If you’re after a good deal, it may pay to visit a car supermarket or online broker. These buy cars in bulk, so you’ll have little-to-no chance of personalisation, but you may be able to save yourself a few quid. It’s worth visit a Smart dealer too, though: the ForTwo is only going to make up around a fifth of Smart sales, so they may be eager to do a deal to get them moving off the forecourt.

Buying used

If you’re looking at a Smart ForTwo, the chances are you’ll already have decided on that car. Most buyers looking for a city car will go for the ForFour, leaving a very specific group of buyers for the two-seater.

Ensure the car you’re going to buy is in great condition both mechanically and cosmetically.
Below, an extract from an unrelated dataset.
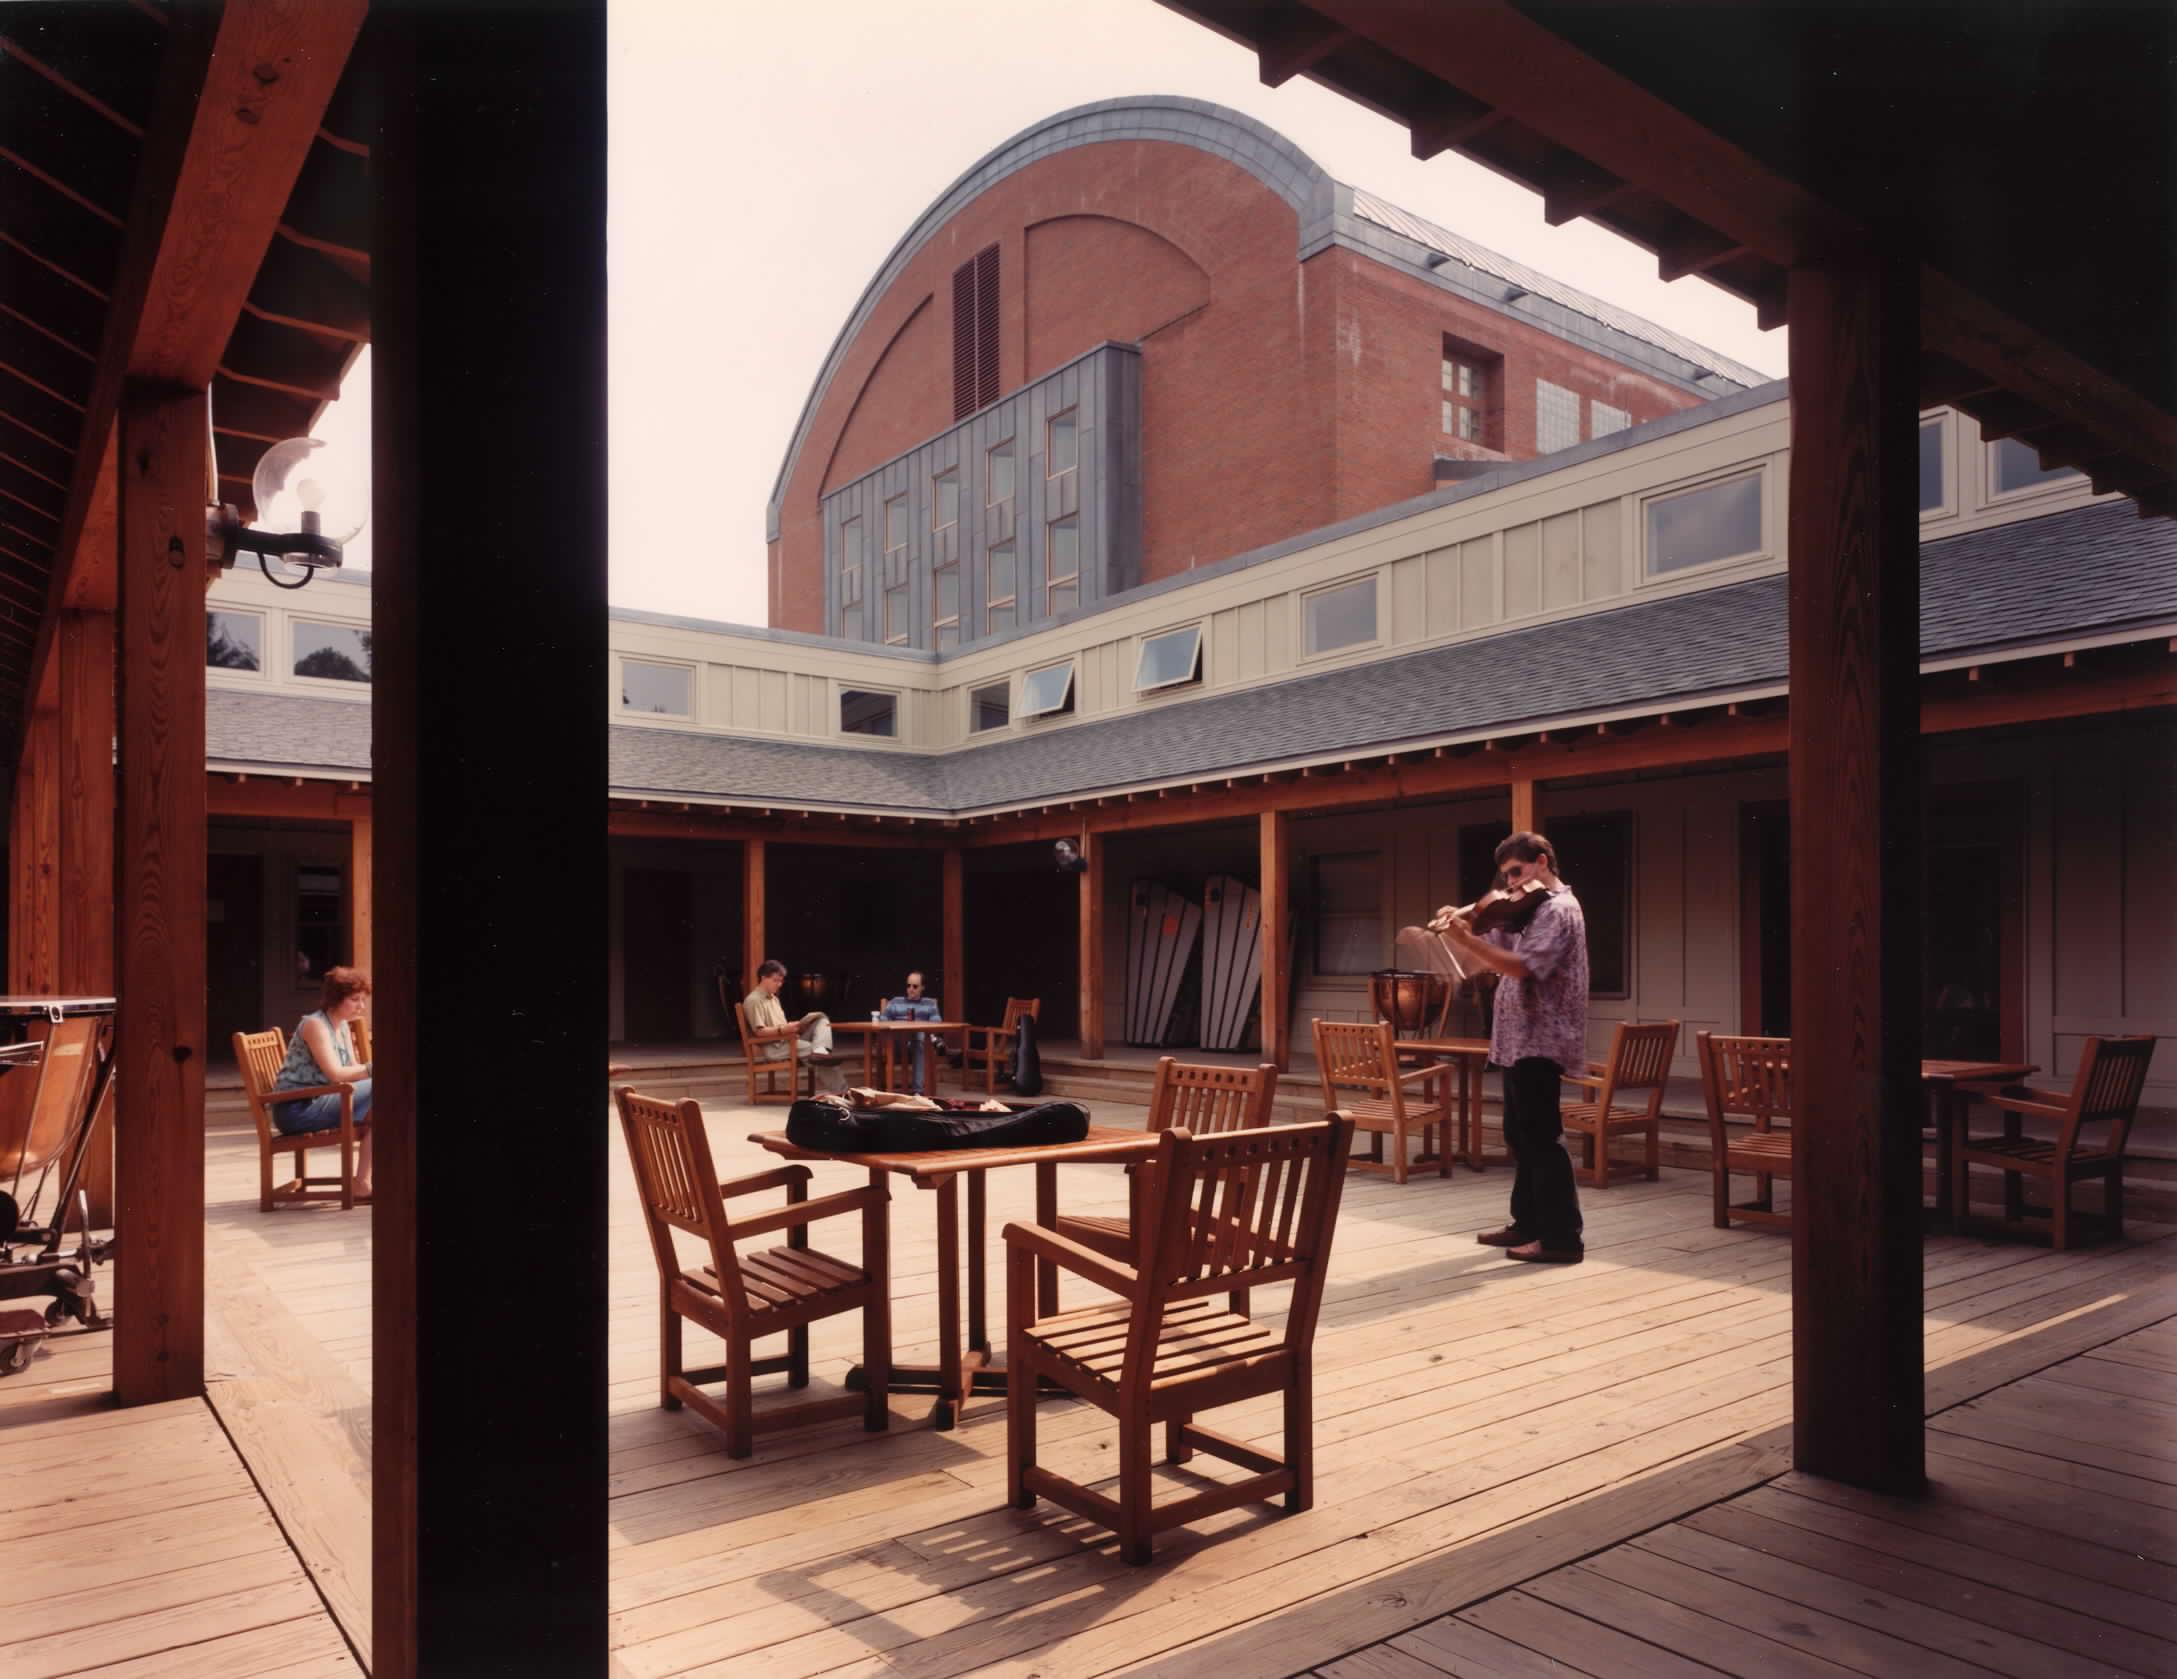 Tanglewood-Ozawa-Hall-Alan-Joslin-13.jpg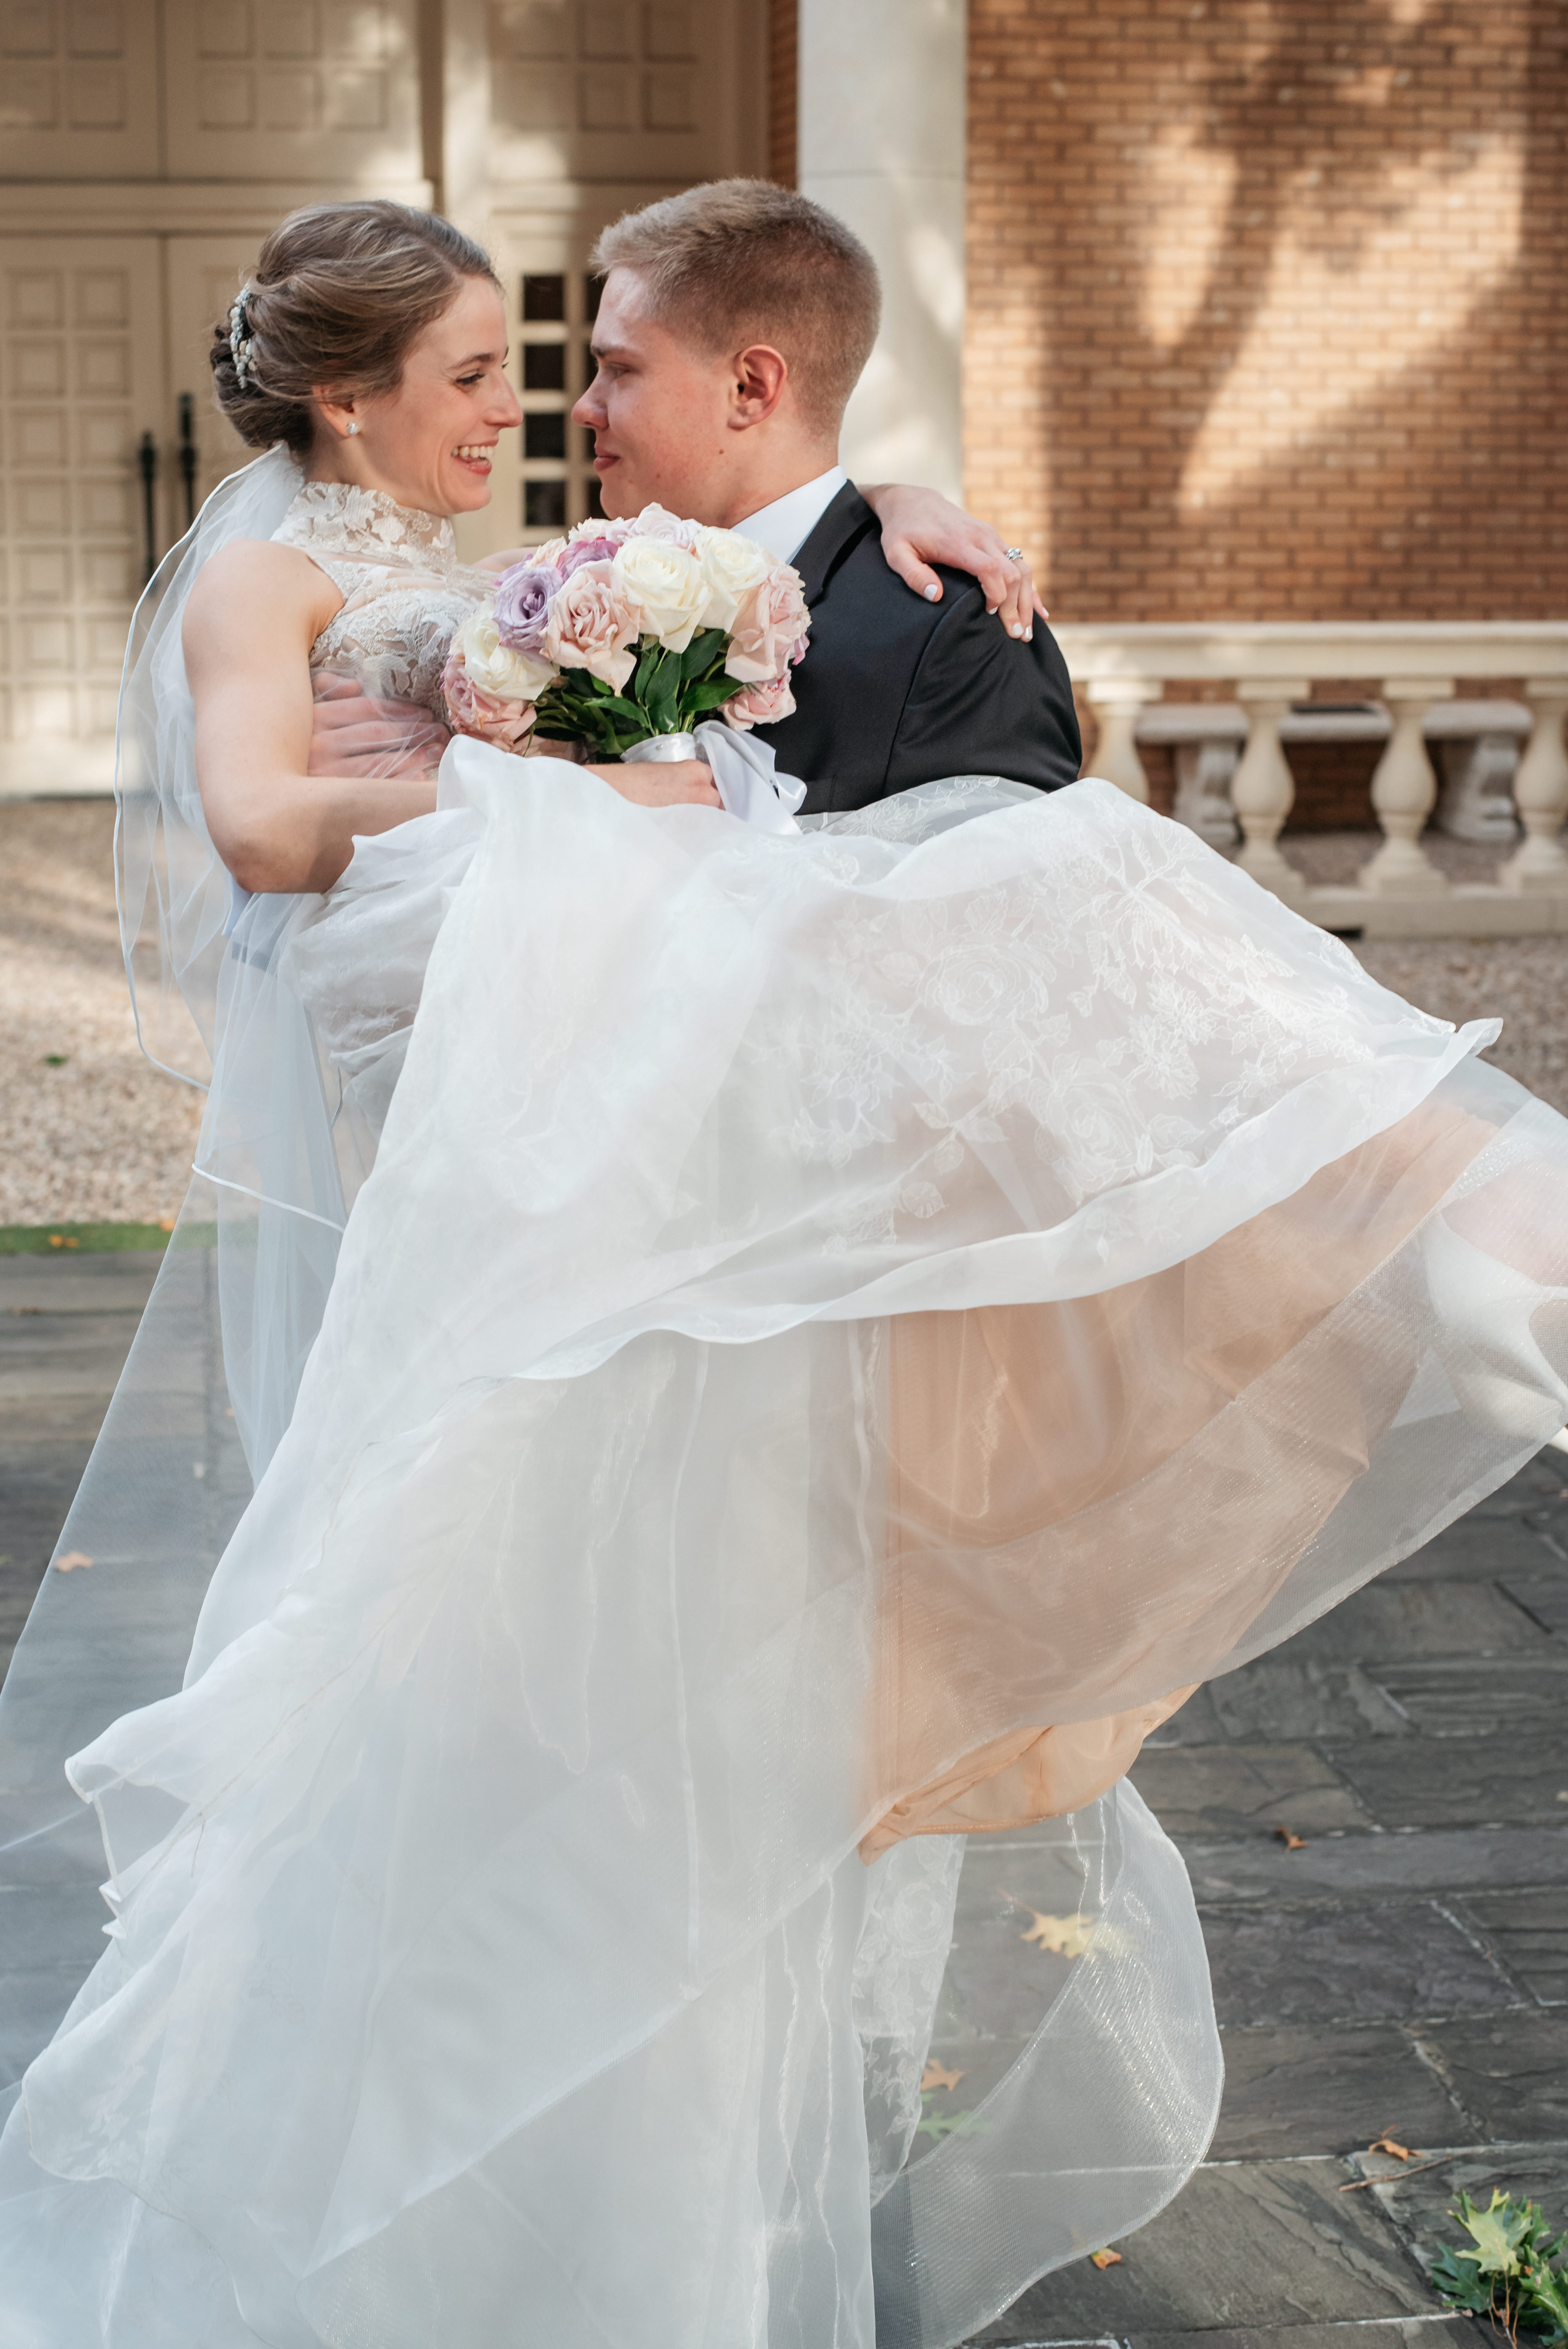 837-G&A-wedding-DSC_4617

It should track straight on the road while both accelerating and braking – if this isn’t the case then it’s likely the wheels have met a kerb or two. Watch out for evidence on the alloys, in that case.

All of the plastic panels should look good too. They’re fairly cheap to replace, so any damage may indicate the car has had a difficult life. It’s a similar story on the inside; check everything is there and working as it should be. Pay special attention to electrical features such as windows and wipers.

Historically there’s been a massive Smart enthusiast scene, so there’s every chance some choice modifications could have been fitted to a car you’re looking at. As a rule we’d avoid such cars, but do your research. It may be a genuine improvement.

Most important of all, get yourself a Parkers Car History Check for peace of mind there’s nothing nasty hidden in the car’s history.

Selling

The crucial thing here is to make sure the car is in as good condition as it possibly can be. Consider fixing damaged wheels or replacing worn or damaged tyres. It’s features like this that’ll really help yours stand out from the crowd.

If you’ve ‘tweaked’ your Smart in any way, consider swapping the bits for standard items. It should entice a larger spread of the car-buying public.

A clear, well-photographed advert is another great way to generate the right kind of interest. Include all important details such as service history, mileage and the car’s specifications. Make a play on anything optional too, because buyers will see better value that way.